What needs to be done:
Find the line below with "Bolsa Pet Feminina" and the line with "New Balance Damen". Output them and the lines between, exactly, but not the pictures.

Provided records:
--
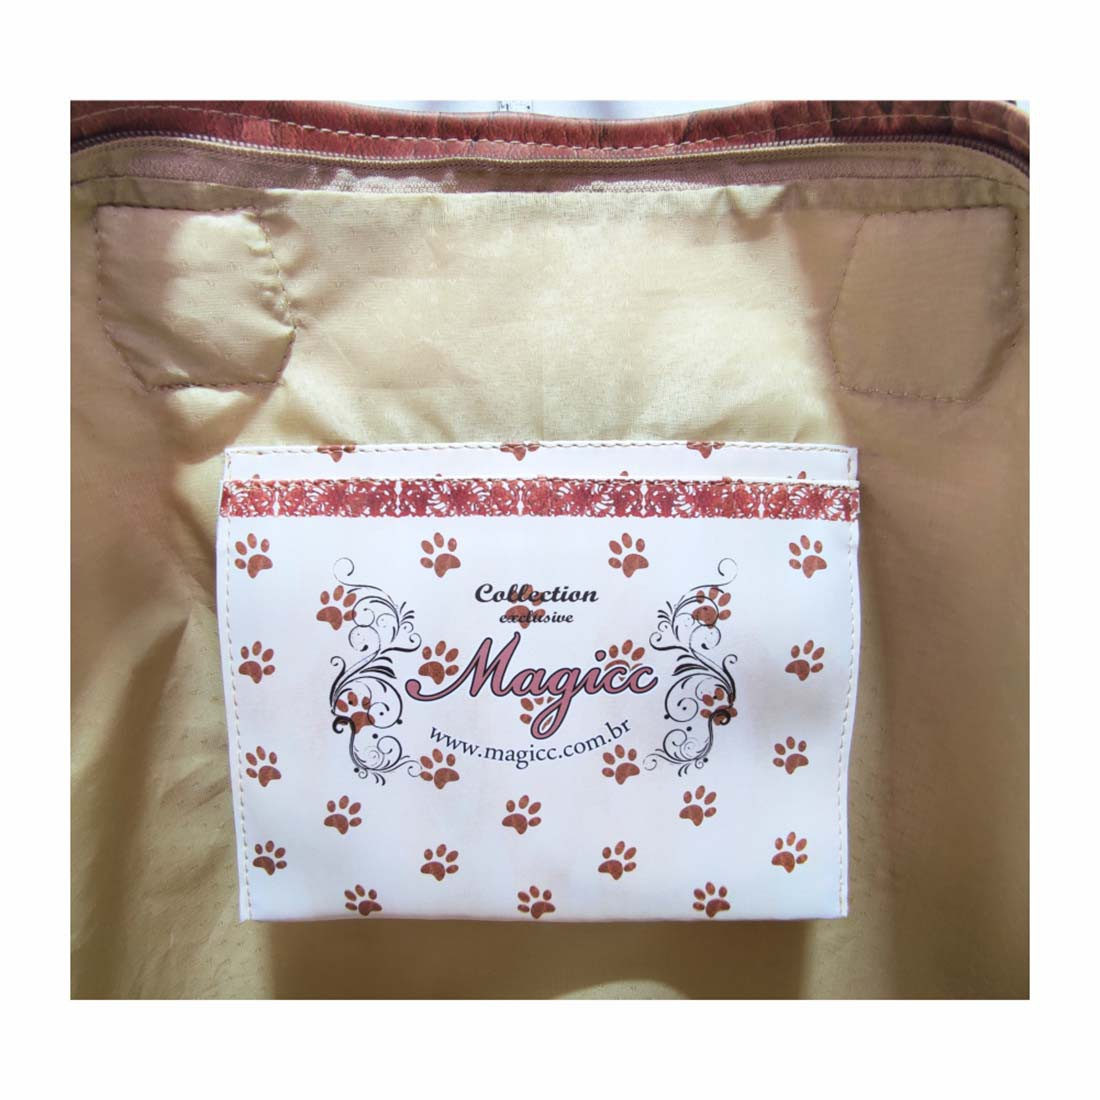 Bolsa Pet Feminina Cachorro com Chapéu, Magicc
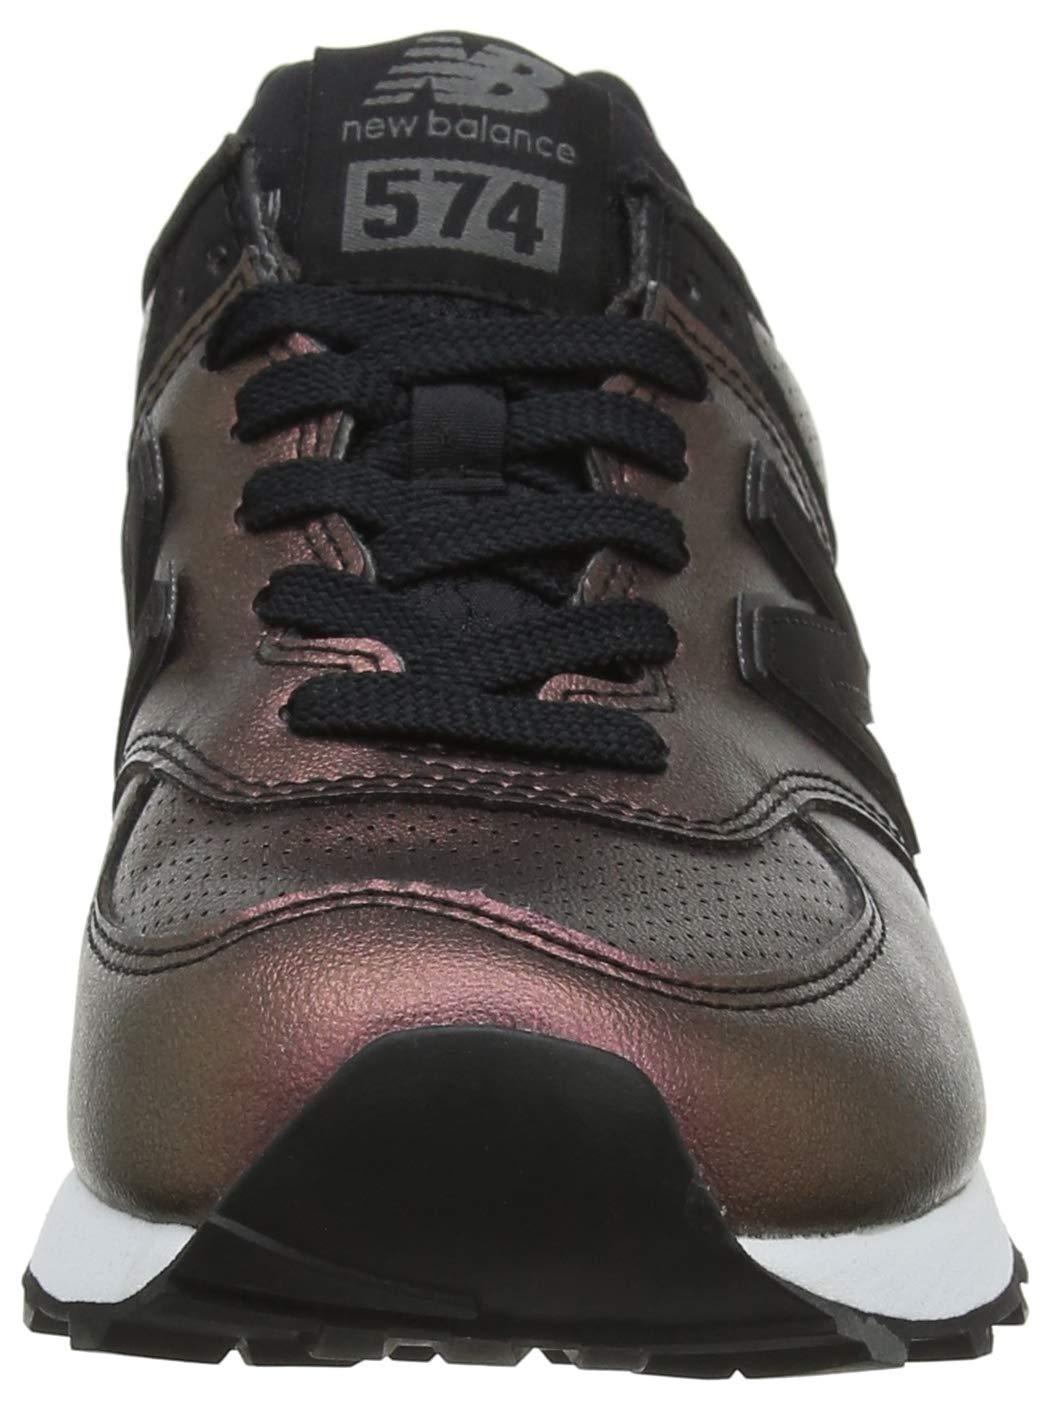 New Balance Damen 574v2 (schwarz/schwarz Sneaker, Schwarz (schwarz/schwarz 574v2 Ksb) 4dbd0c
--
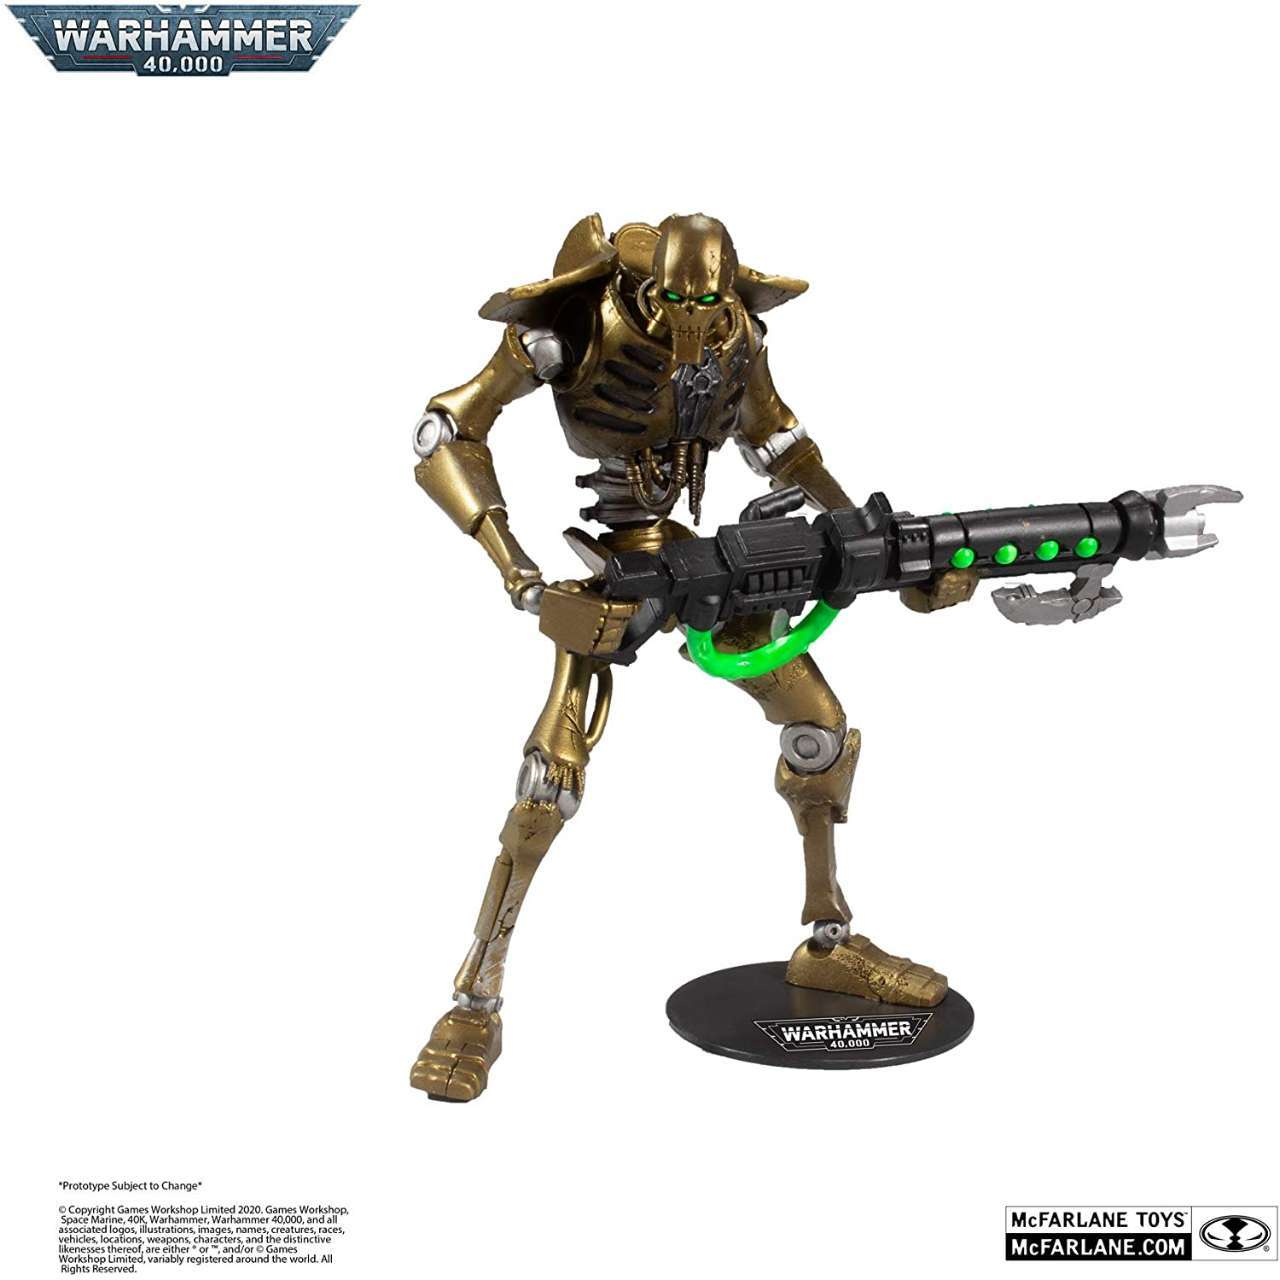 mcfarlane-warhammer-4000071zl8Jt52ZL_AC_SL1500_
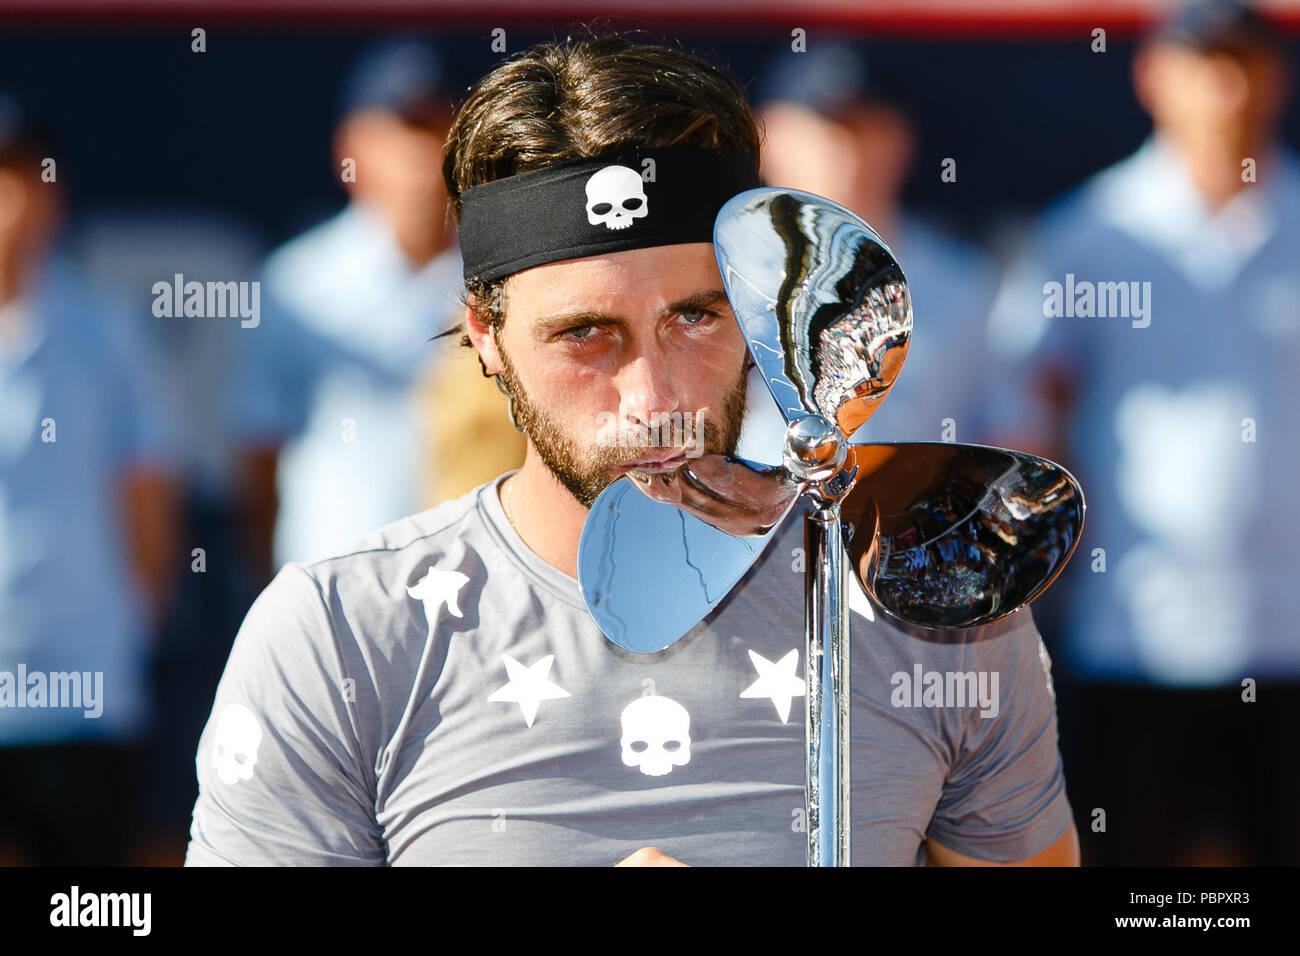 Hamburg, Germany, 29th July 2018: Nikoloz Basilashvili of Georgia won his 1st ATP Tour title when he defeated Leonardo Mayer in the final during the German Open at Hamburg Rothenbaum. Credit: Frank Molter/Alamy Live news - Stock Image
--
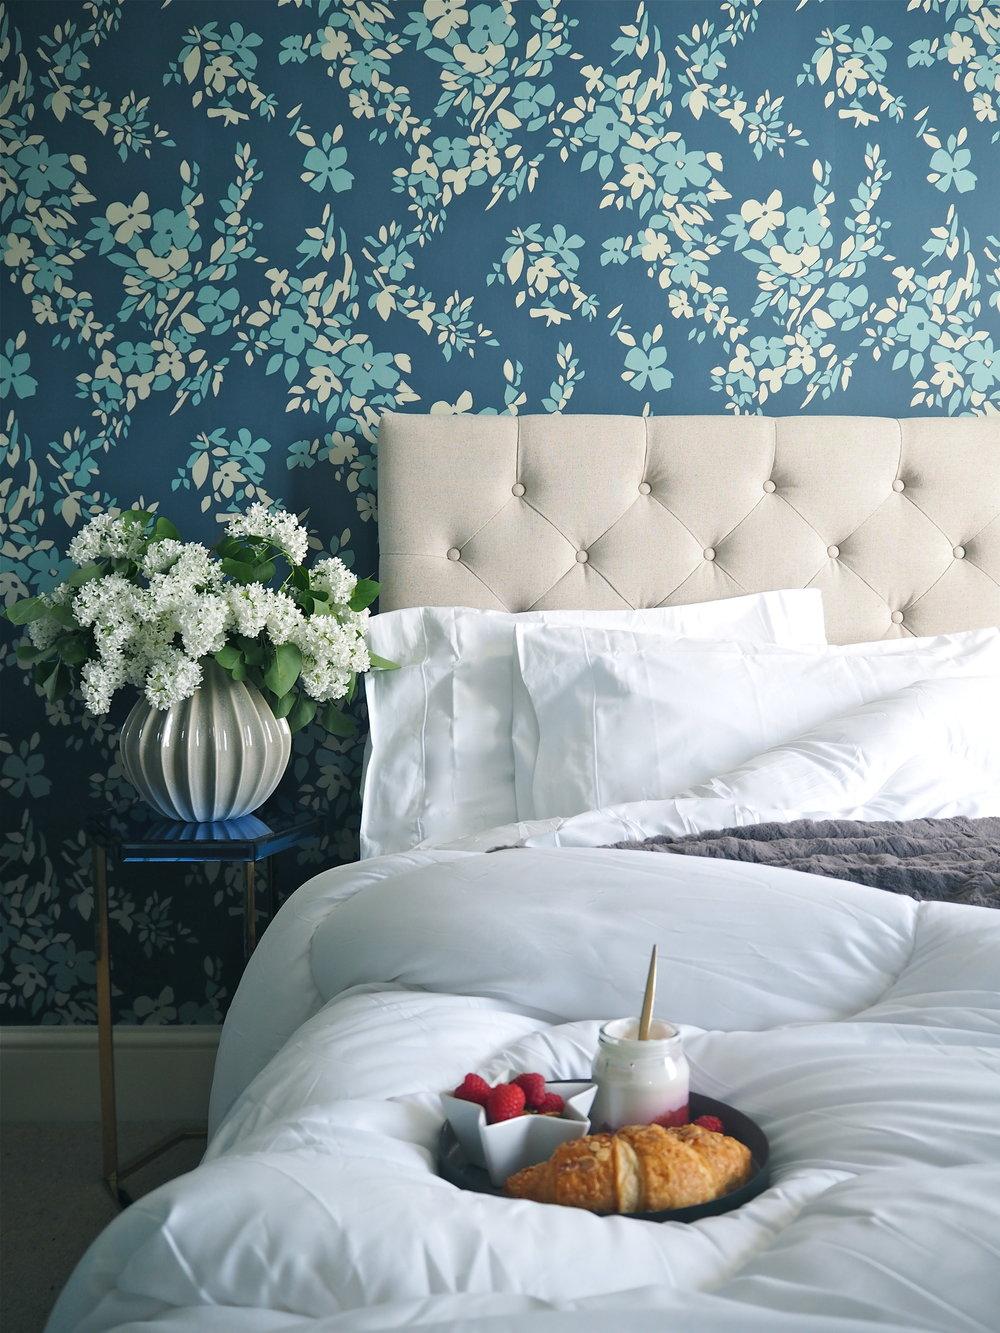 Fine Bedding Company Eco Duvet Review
--
Result below:
 Bolsa Pet Feminina Cachorro com Chapéu, Magicc
 New Balance Damen 574v2 (schwarz/schwarz Sneaker, Schwarz (schwarz/schwarz 574v2 Ksb) 4dbd0c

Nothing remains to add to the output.